((

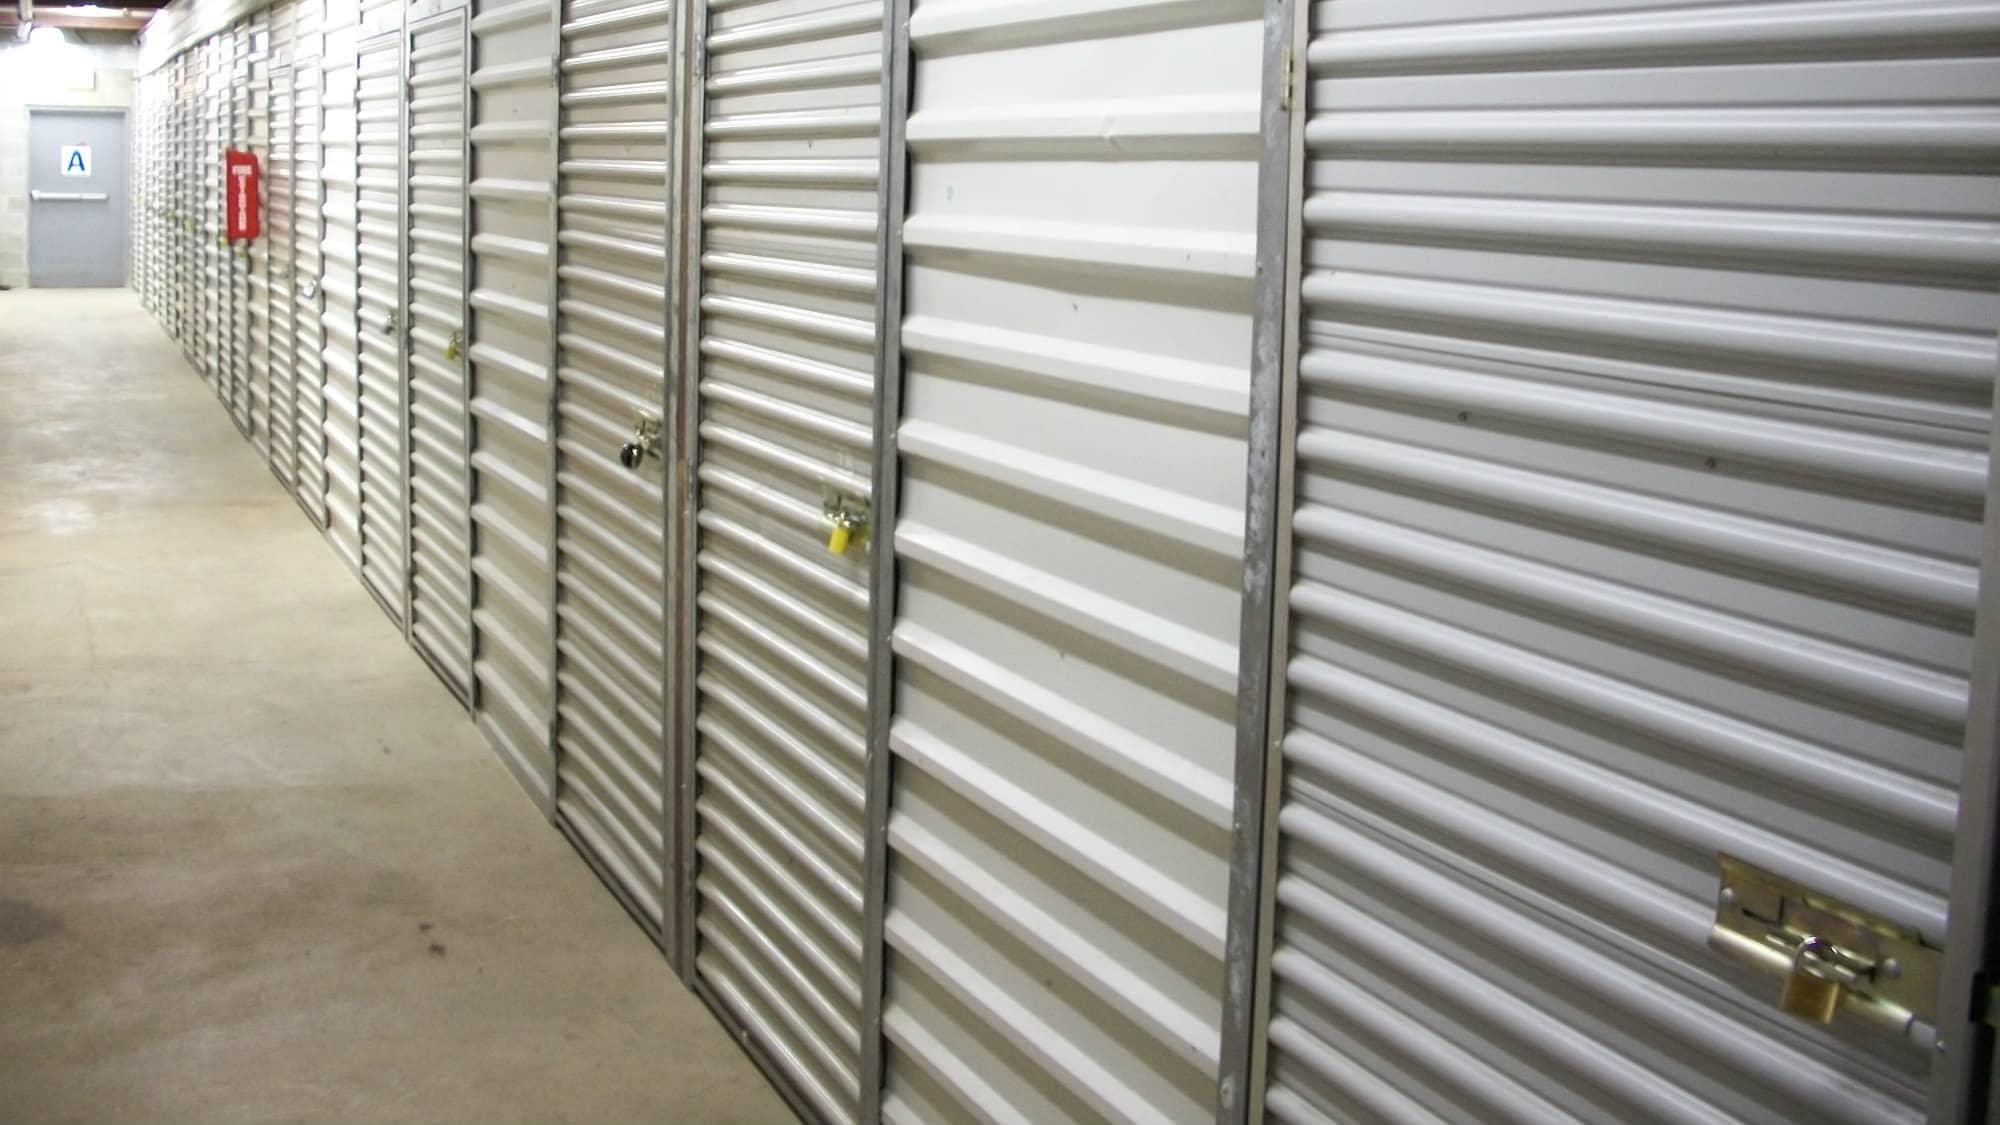 Roll-up doors at Self Storage Plus in Alexandria, VA
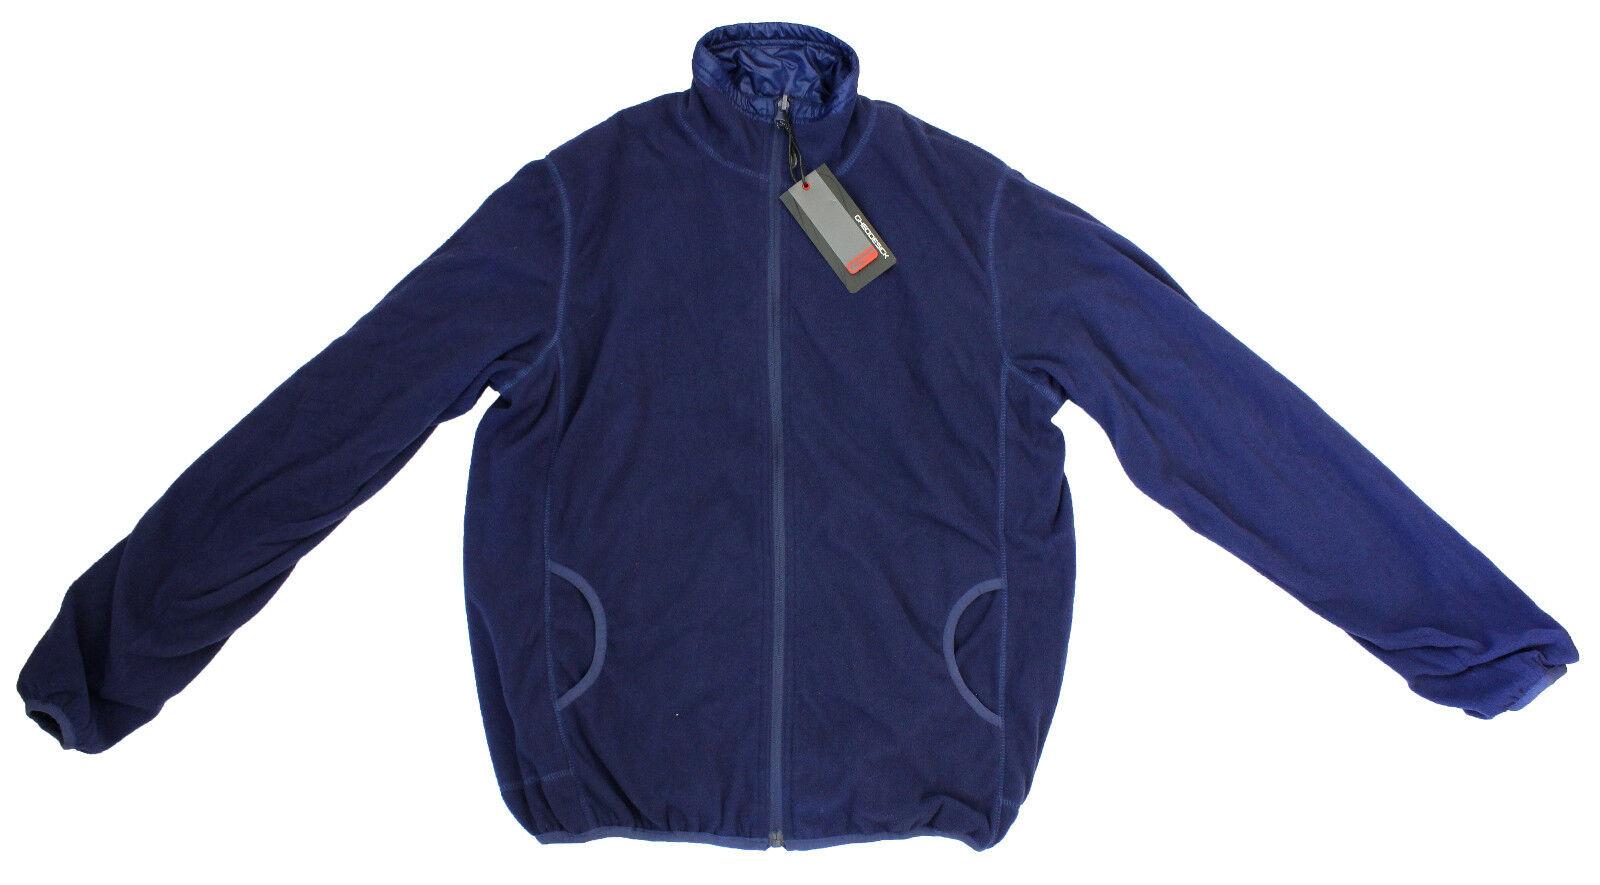 GHEODESICK sweatshirt blu Uomo felpa uomo blu taglia M cod. 664018 G _
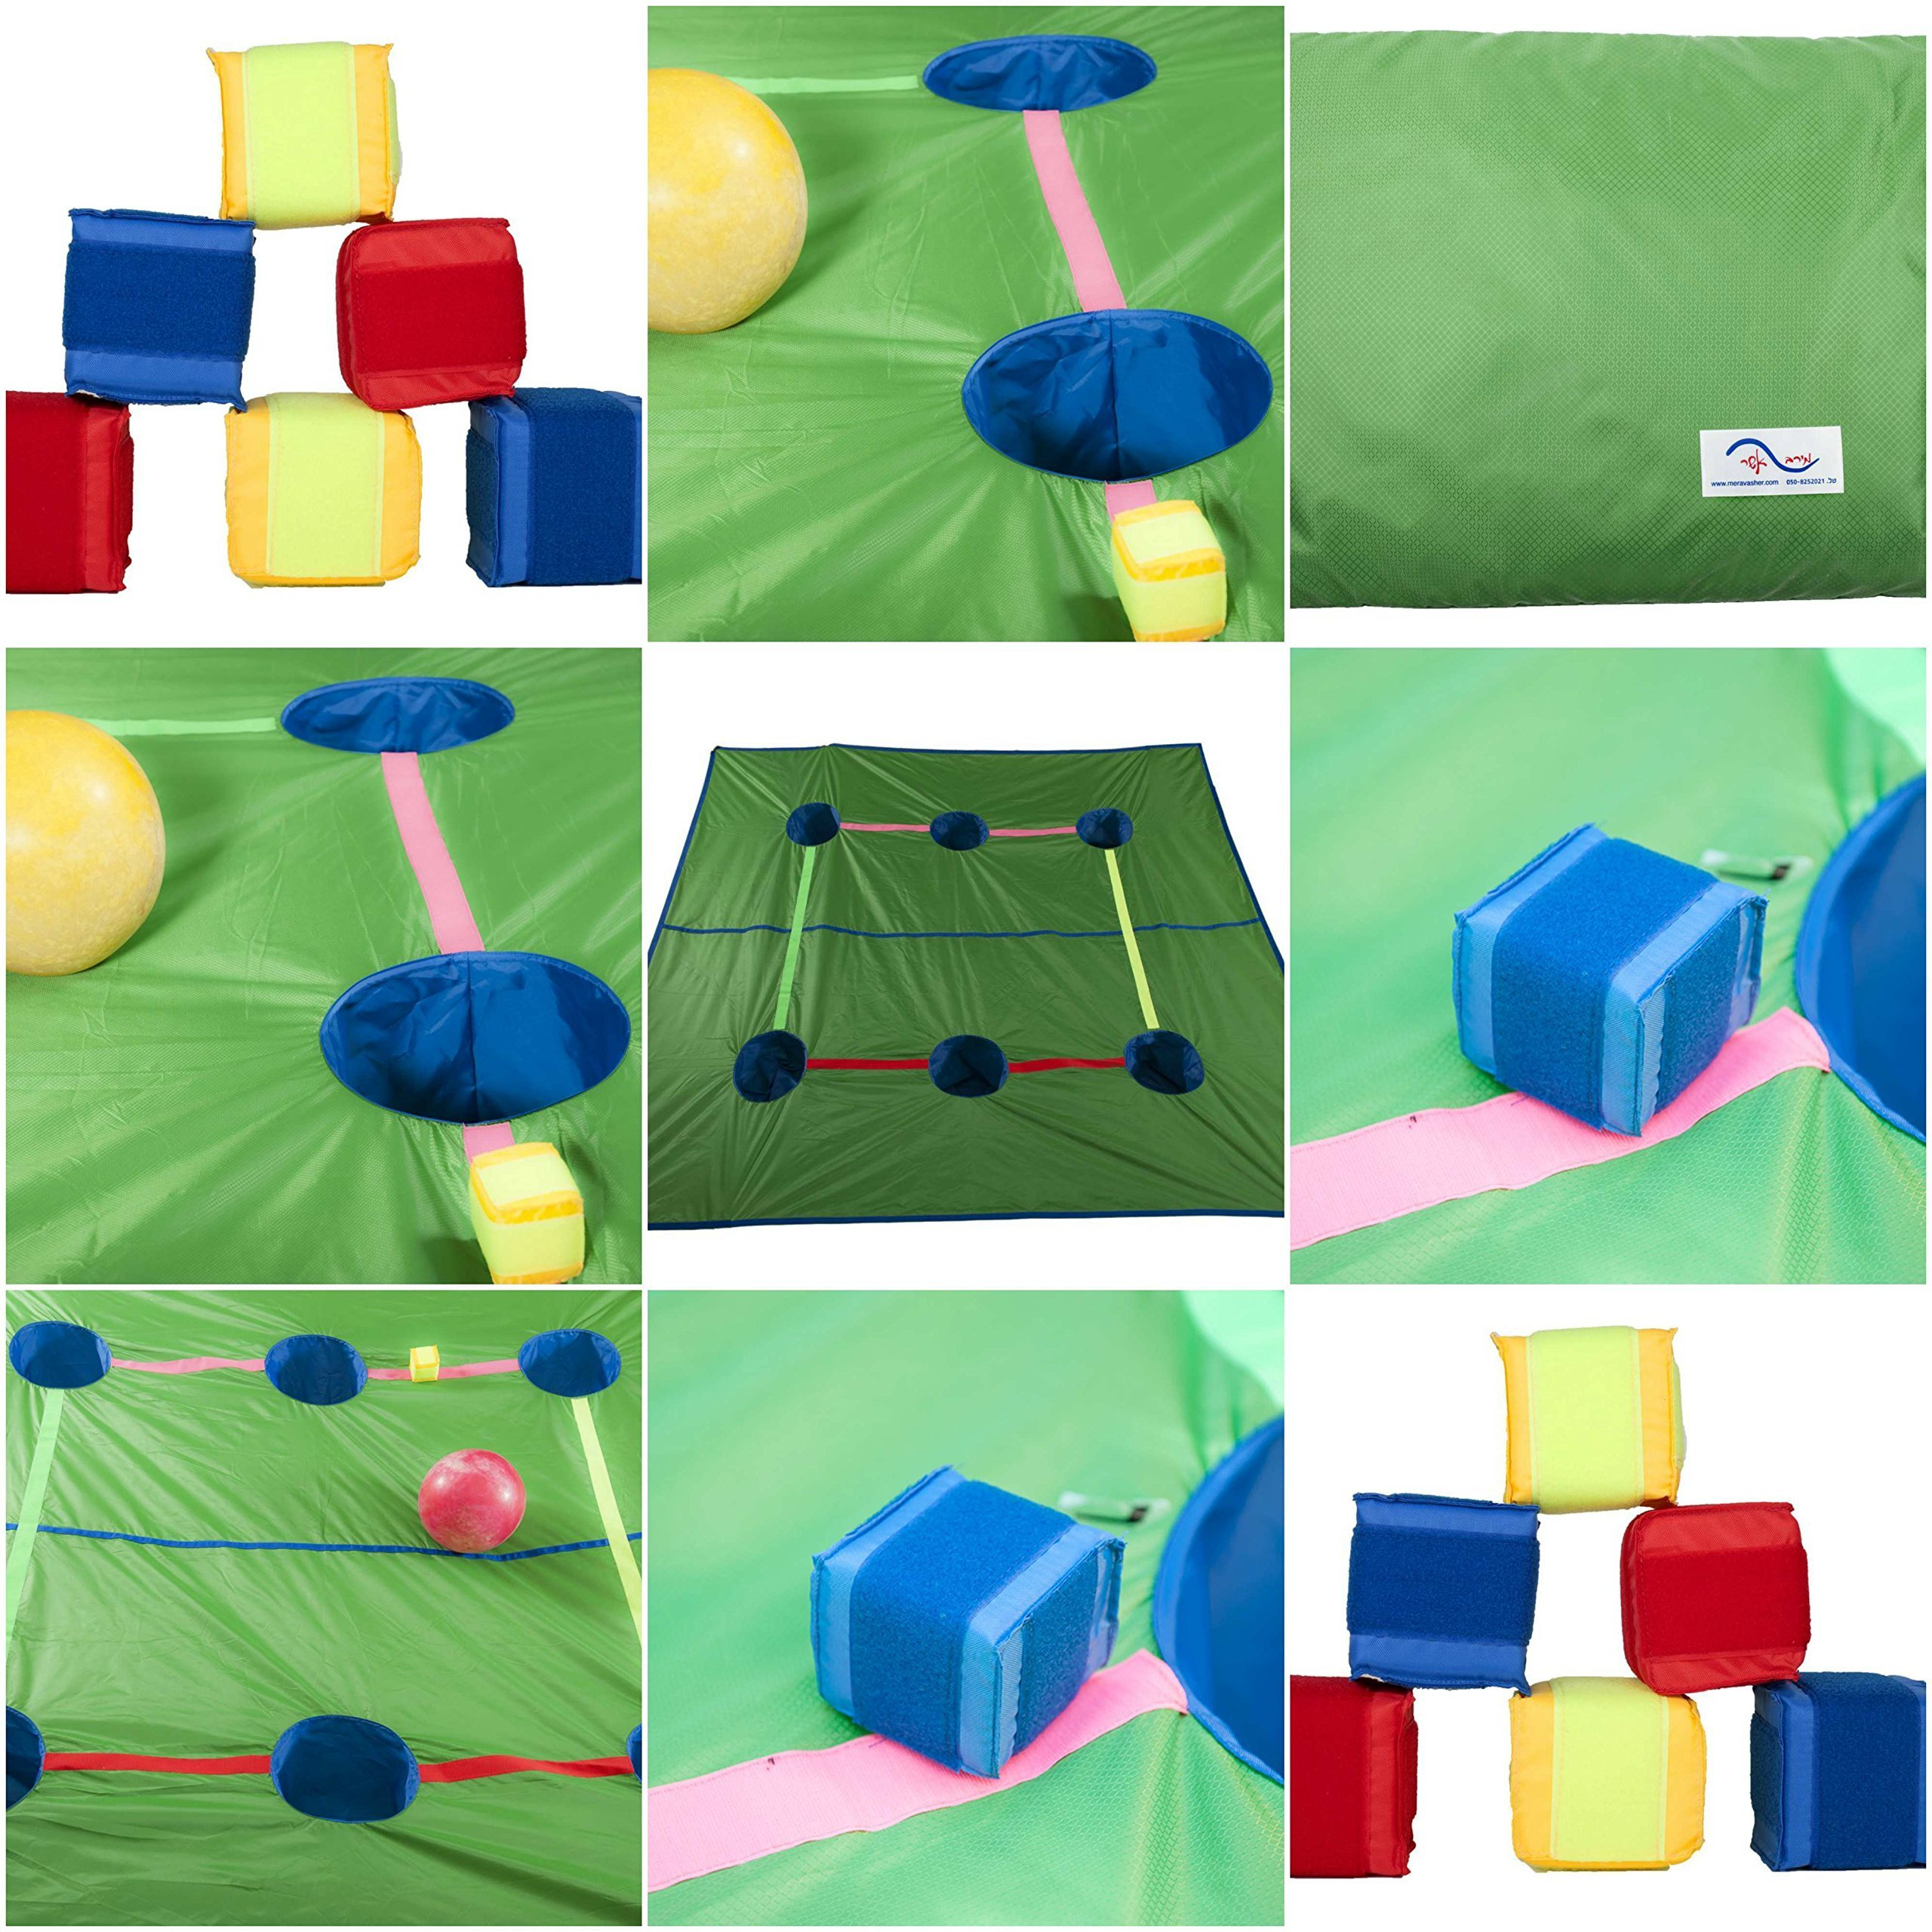 Merav Asher's Cooperative multitask baskets Tarp Parachute + 4 hook and loop compatible cubes, School sports equipment, preschool educational game
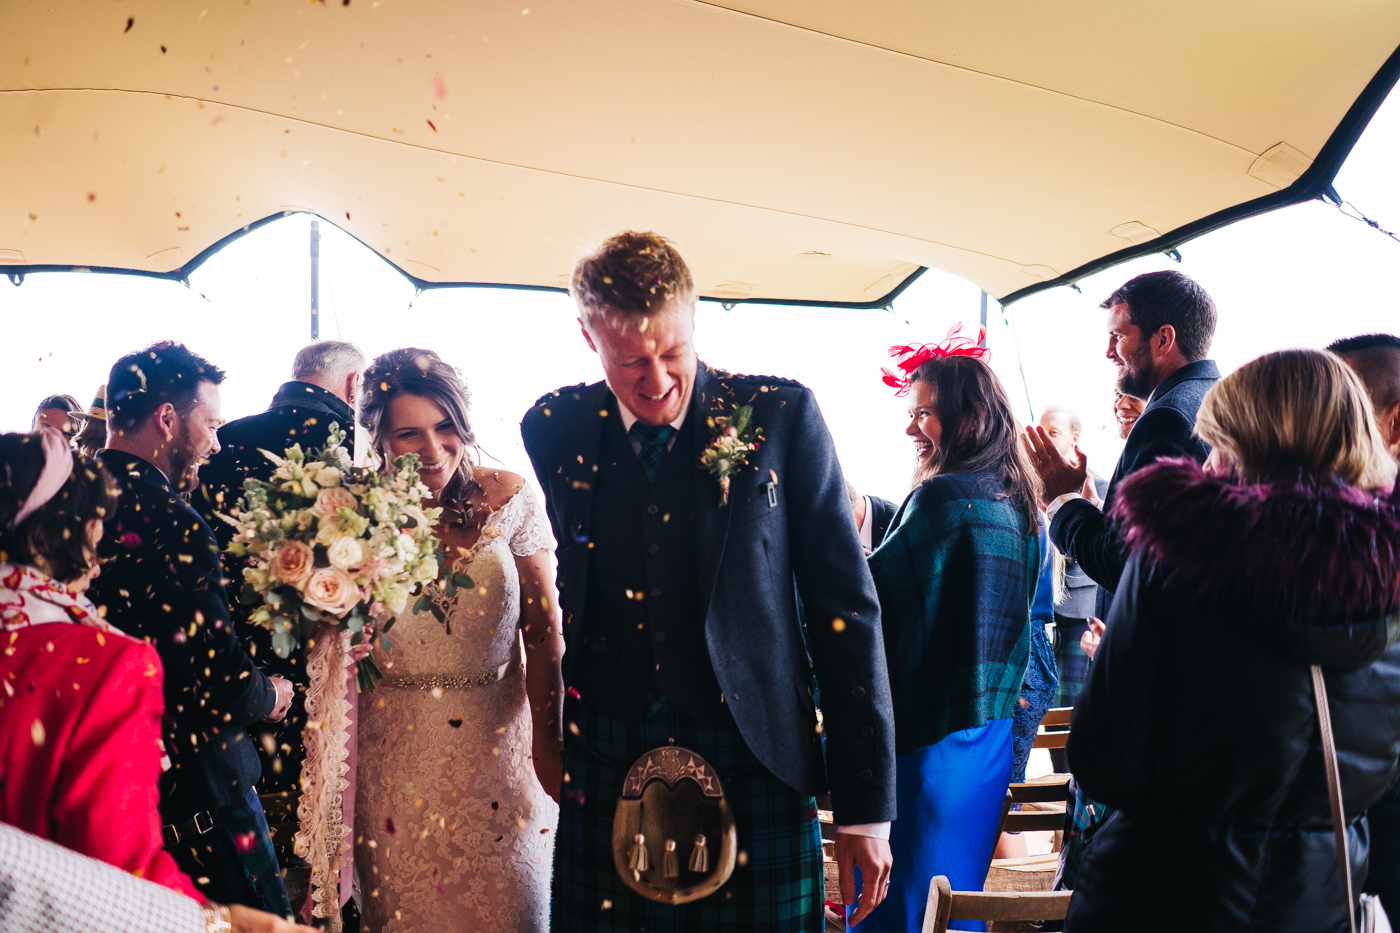 scottish-wedding-trossachs-loch-tay-highlannds-relaxed-photography-photographer-0025.jpg

))

WORK TASK: Quote the material above exactly, from the line holding "GHEODESICK sweatshirt blu" through its last line, including both. Omit the pictures.

WRITTEN ANSWER:
 GHEODESICK sweatshirt blu Uomo felpa uomo blu taglia M cod. 664018 G _
 Merav Asher's Cooperative multitask baskets Tarp Parachute + 4 hook and loop compatible cubes, School sports equipment, preschool educational game
 scottish-wedding-trossachs-loch-tay-highlannds-relaxed-photography-photographer-0025.jpg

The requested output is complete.